Feature idea: Extraction of docstrings from javadoc

petrushy commented 4 years ago

Hi,

This is likely a far in the future enhancement, but just to write it down.

It would be interesting to have possibility of docstring generation from javadoc. So that for automatic popup info the documentation string is available, with more details as of now.

One needs then of course to have access to the source code. And maybe it could be parsed to some database.

One tool that may be useful is qdox, a java tool that can parse source for javadoc. https://github.com/paul-hammant/qdox

petrushy commented 4 years ago

I was trying some things and it is not possible to monkeypatch the doc property of JObject in the same way as the repr, is it?

Thrameos commented 4 years ago

The answer is no and yes. Doc strings are supposed to be fixed immutable strings so you can't patch them directly. But if you look over _jclass you will find the redirect that converts them into properties and redirects them into the method _jclassDoc. You can apply the same procedure to redirect the doc routine to whatever function you need.

Also notable is that if you compiled with -g:source you can get the source location in both _jclassDoc and _jmethodGetDoc which can extract the java doc in the source or let you extract the java doc from the html doc package. I recommend installing your own handler rather than changing the ones in the code as private names may chance.

Thrameos commented 4 years ago

I think two possible solutions here.

First we can look for the javadoc jar resources. It will return the same rather old and crusty html page that javadoc page. If you look know the name mangling you can jump down into the method or class section. Then you would just have to html to rst the blob of html. Obviously we can't get every little detail of html right, but it would get a lot of documentation included.

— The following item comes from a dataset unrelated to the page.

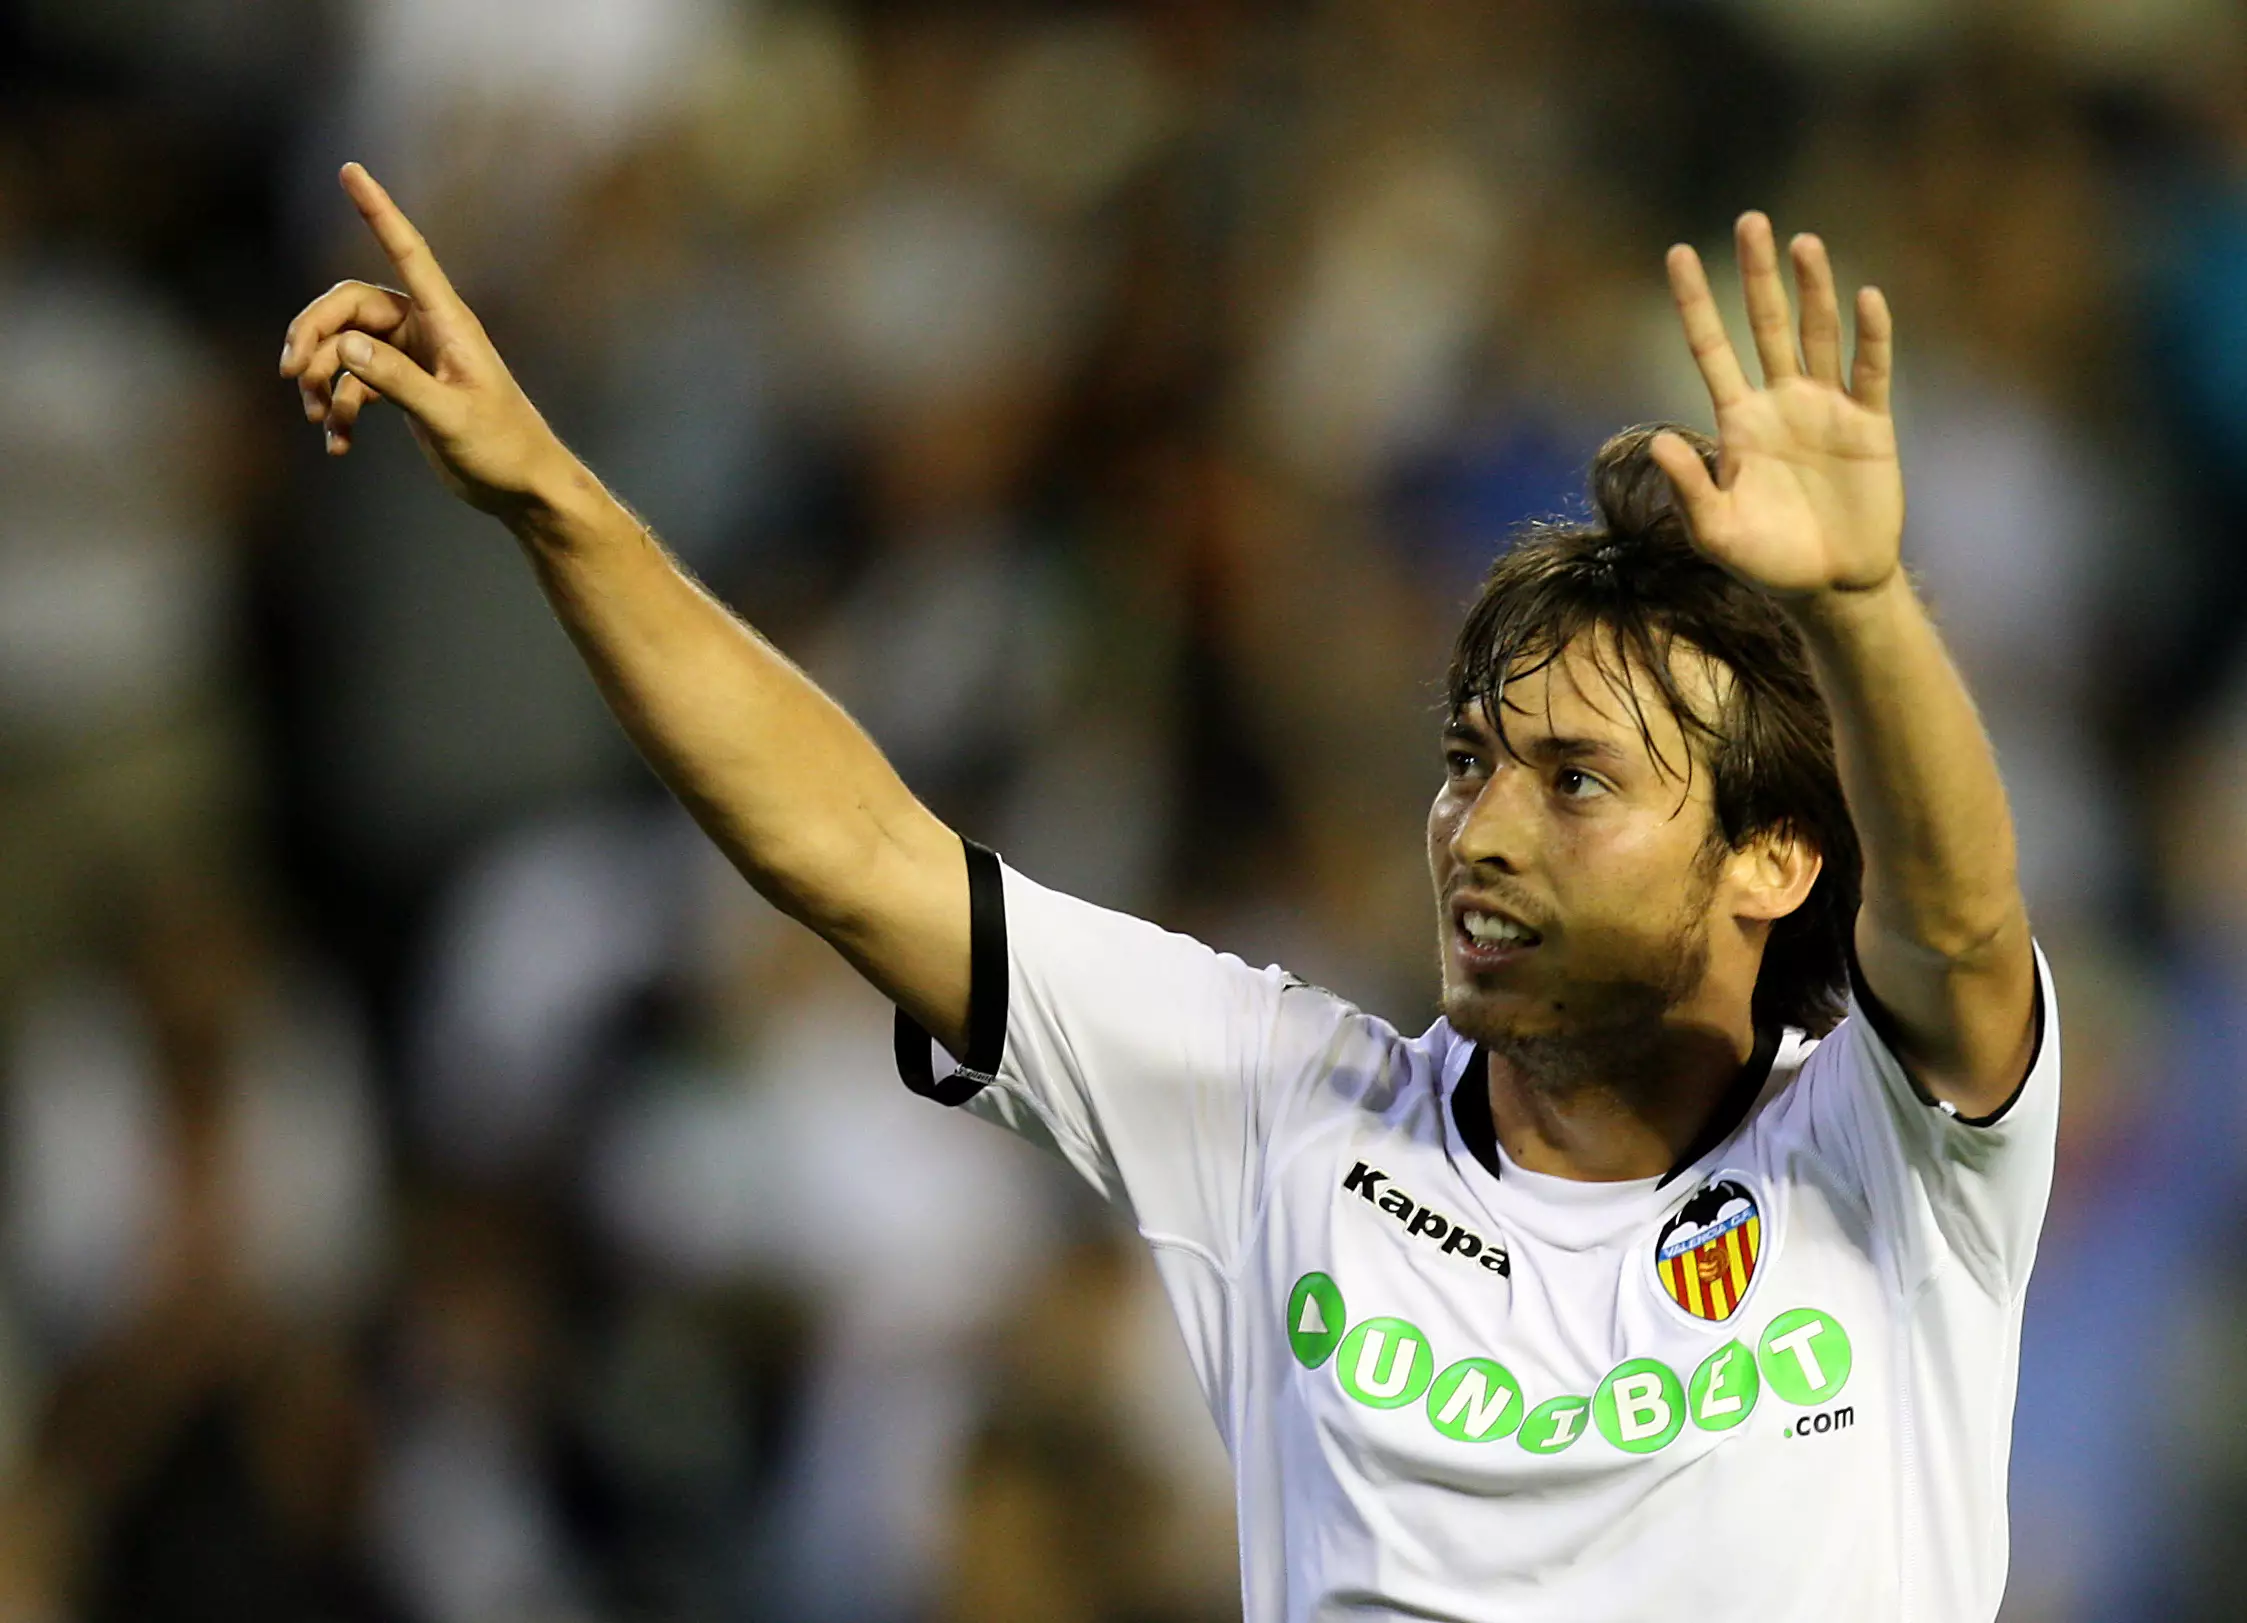 Silva started his career at Valencia before moving to England. Image: PA Images

Second if we can't get the preformed we would call for the source class. Parsing Java is much harder especially if the line number for the method were not compiled in.

In both cases the user just has to add the source or javadoc jar to the classpath. We then use Class.getResource() to fetch the section needed. If it isn't found we just fall back to the usual autodoc.

I took a shot at the parsing, but concluded that it would be at least 2 nights of work to get the javadoc out which is unfortunately a lower priority that work for the 0.8 release.

petrushy commented 4 years ago

Thanks for the update and the intense work with jpype!

I did some tests with qdox and attaching it at the variables above. Qdox is parsing directly the source tree to find javadoc (and other parts). However, not sure that is the right way, some javadoc are using references and tags (like inheritDoc), which then is not processed, so the look is not optimal, but nice to be able to plug in things like this in the library. I think your first option is likley the best, using the html extract.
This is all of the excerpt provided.